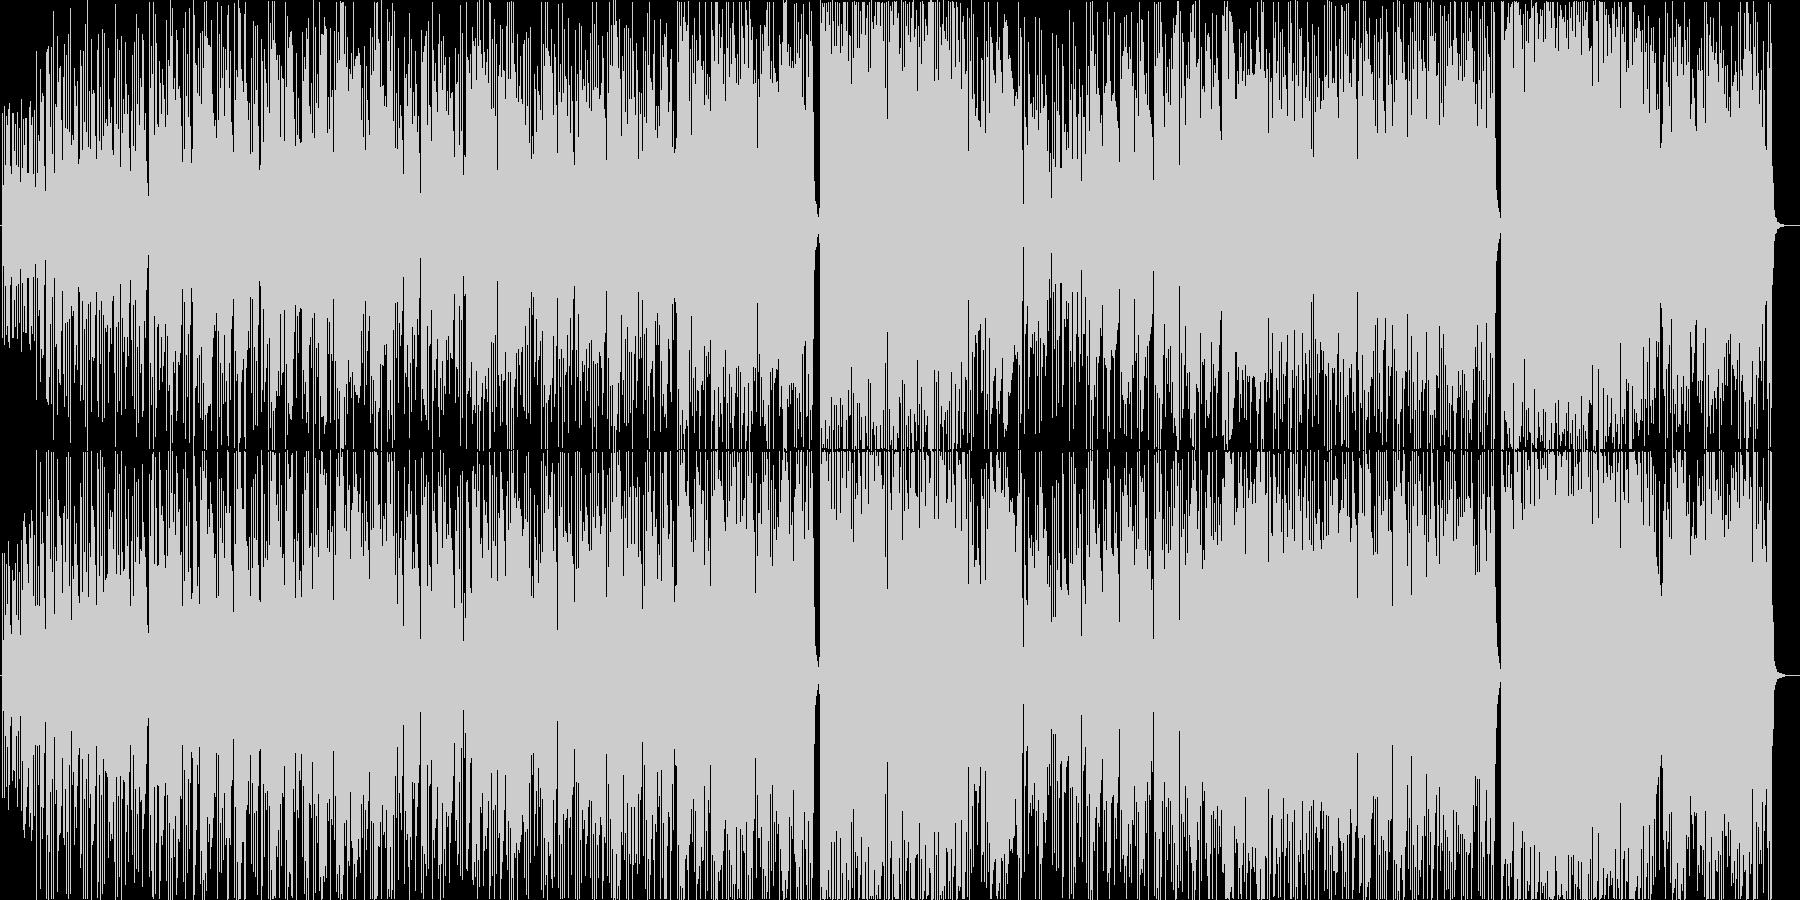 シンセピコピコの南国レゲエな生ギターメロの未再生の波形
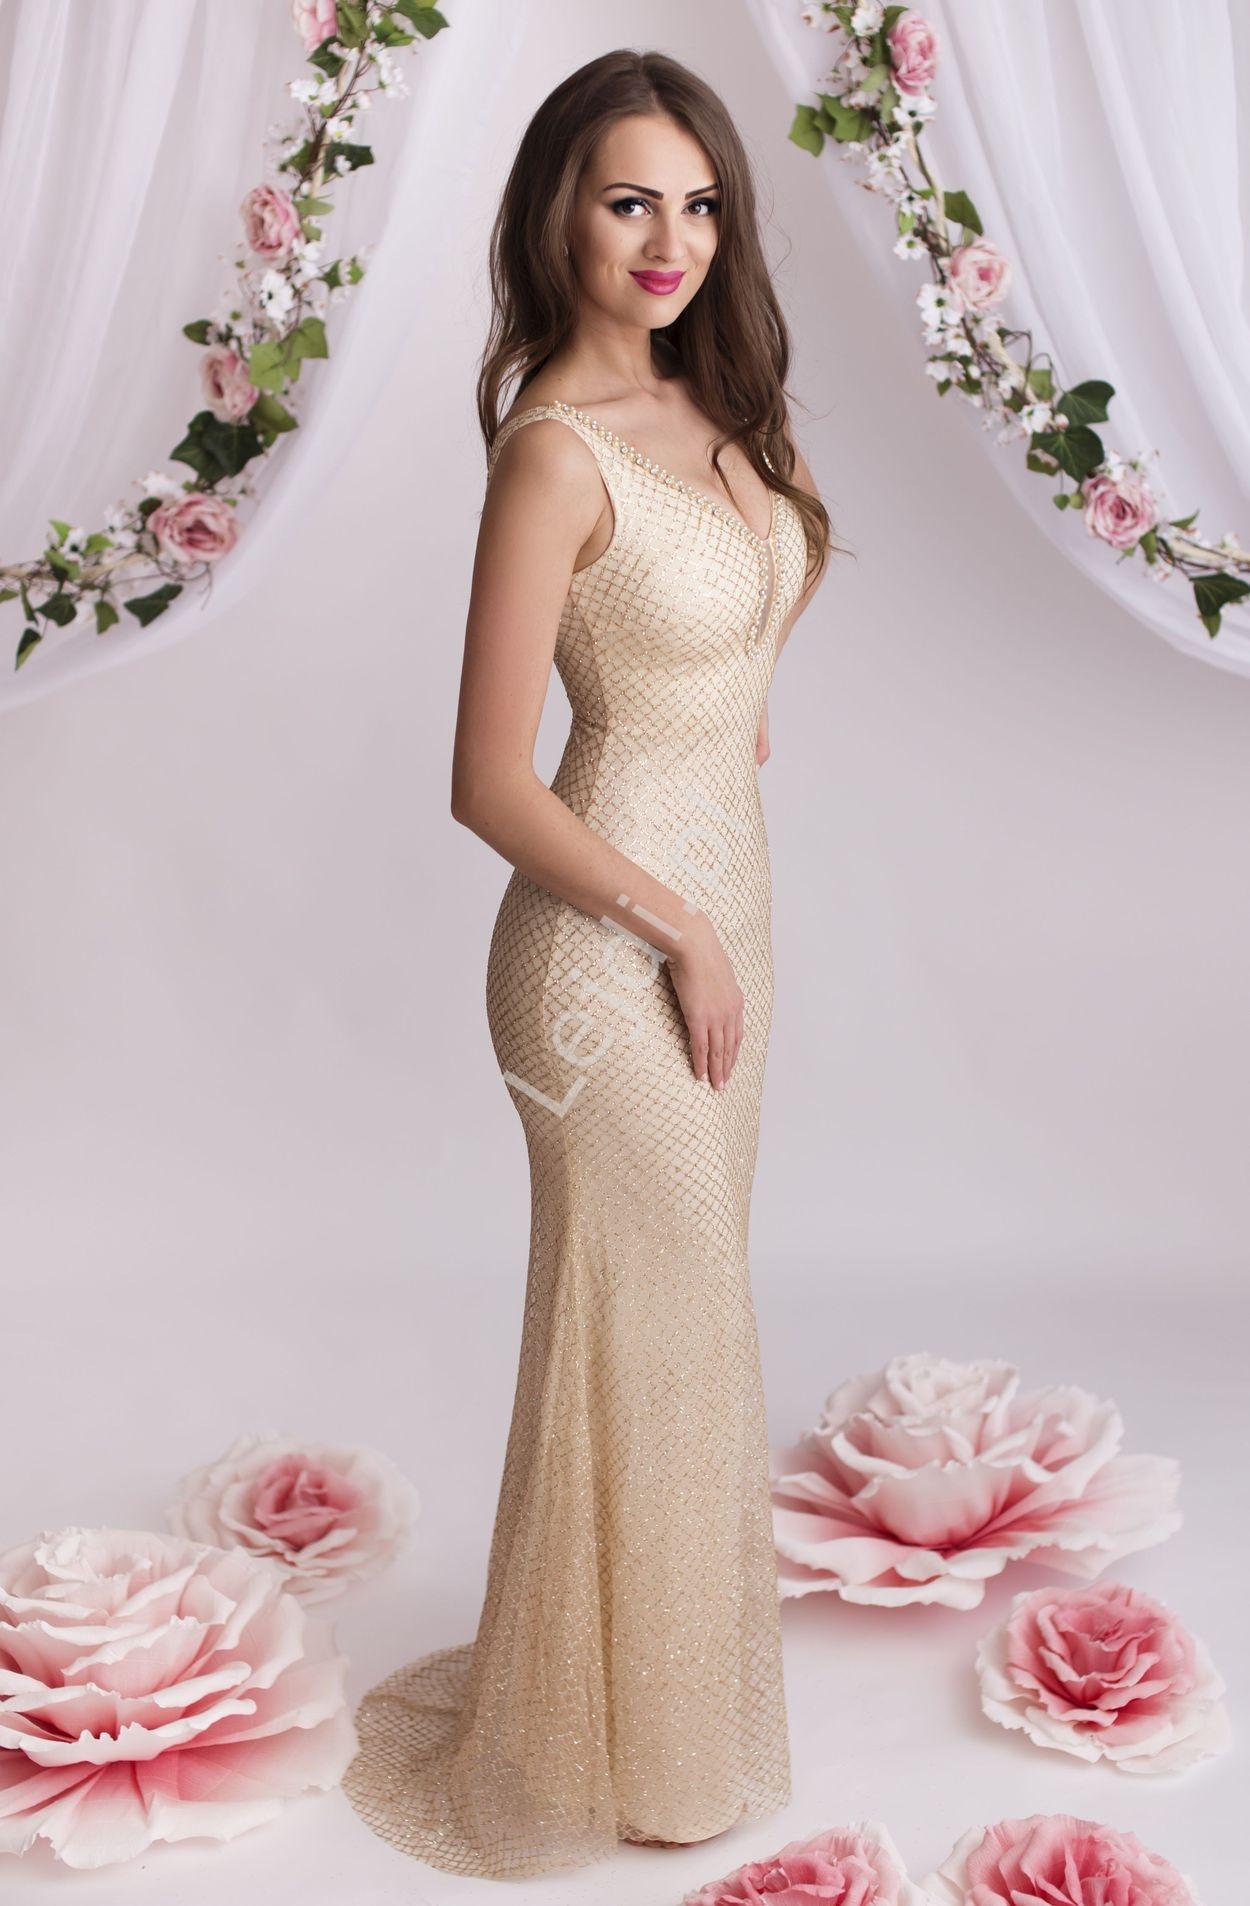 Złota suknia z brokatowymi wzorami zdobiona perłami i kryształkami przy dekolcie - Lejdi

━━━━━━━━━━━━━━━━

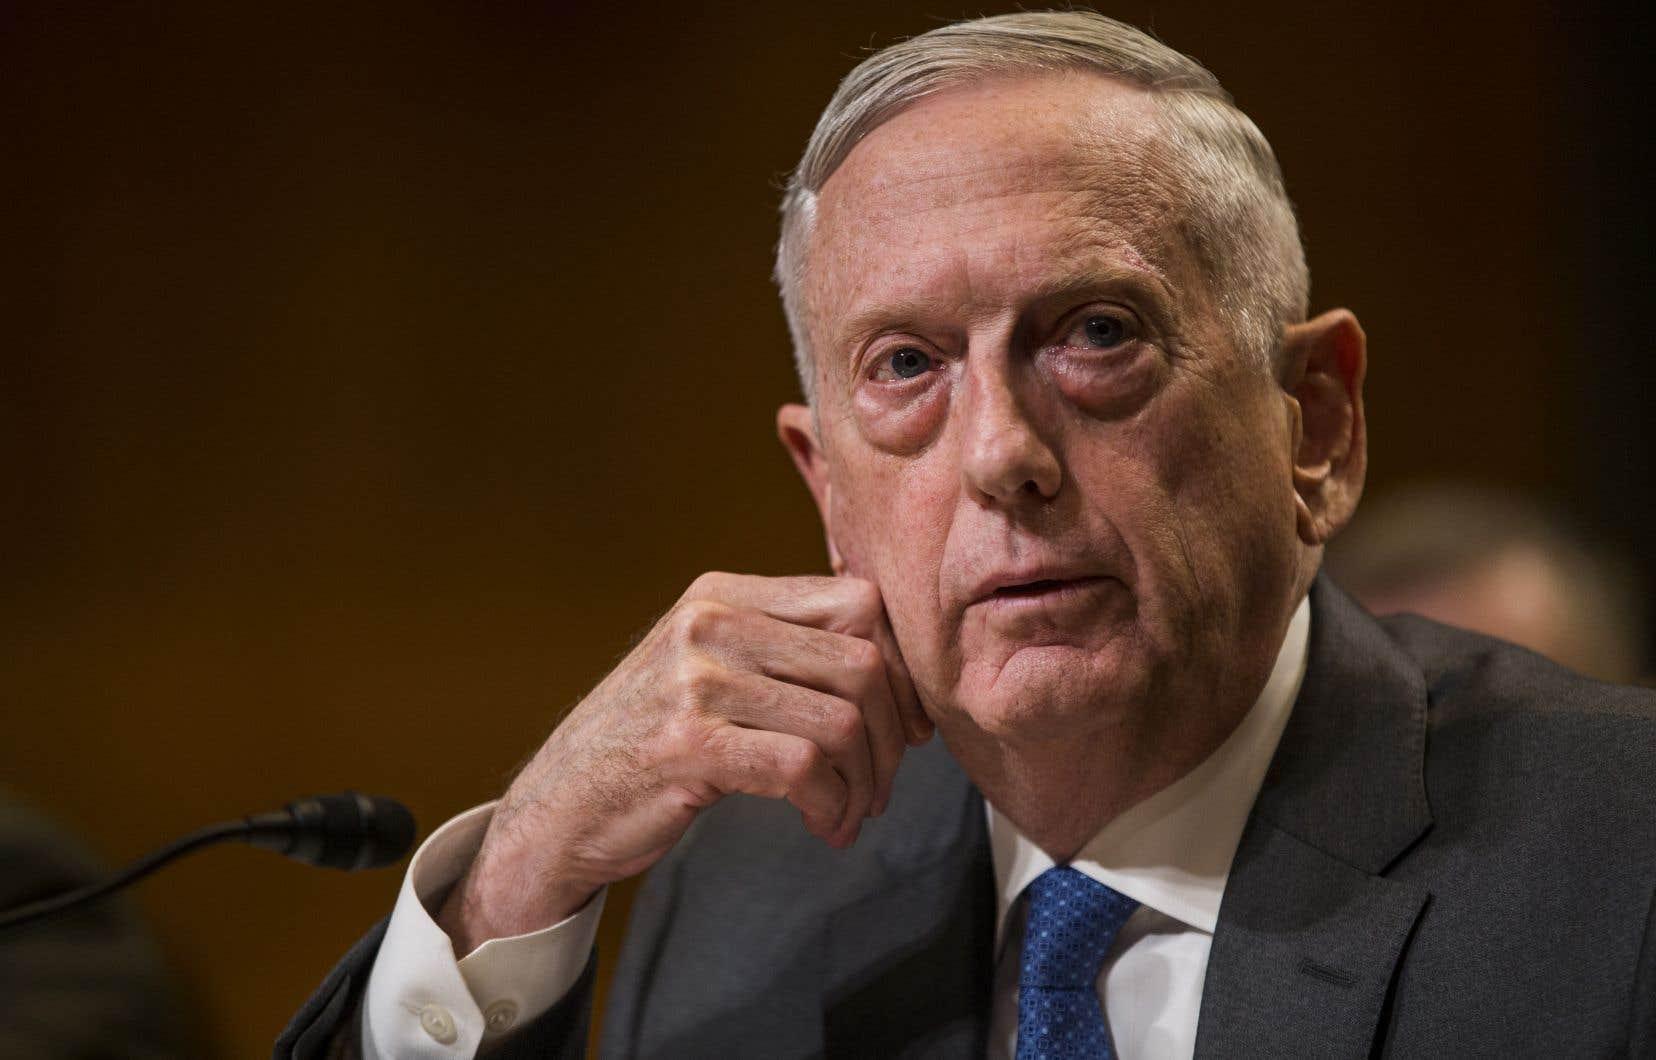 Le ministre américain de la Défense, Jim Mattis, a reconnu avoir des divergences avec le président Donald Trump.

━━━━━━━━━━━━━━━━

#### [EXERCISE DESCRIPTION]
Using the entries above, transcribe exactly from the line that has "シンセピコピコの南国レゲエな生ギターメロの未再生の波形" through the line that has "Złota suknia z". Pictures are dropped.

#### [OUTPUT FOR THIS TASK]
 シンセピコピコの南国レゲエな生ギターメロの未再生の波形
 Złota suknia z brokatowymi wzorami zdobiona perłami i kryształkami przy dekolcie - Lejdi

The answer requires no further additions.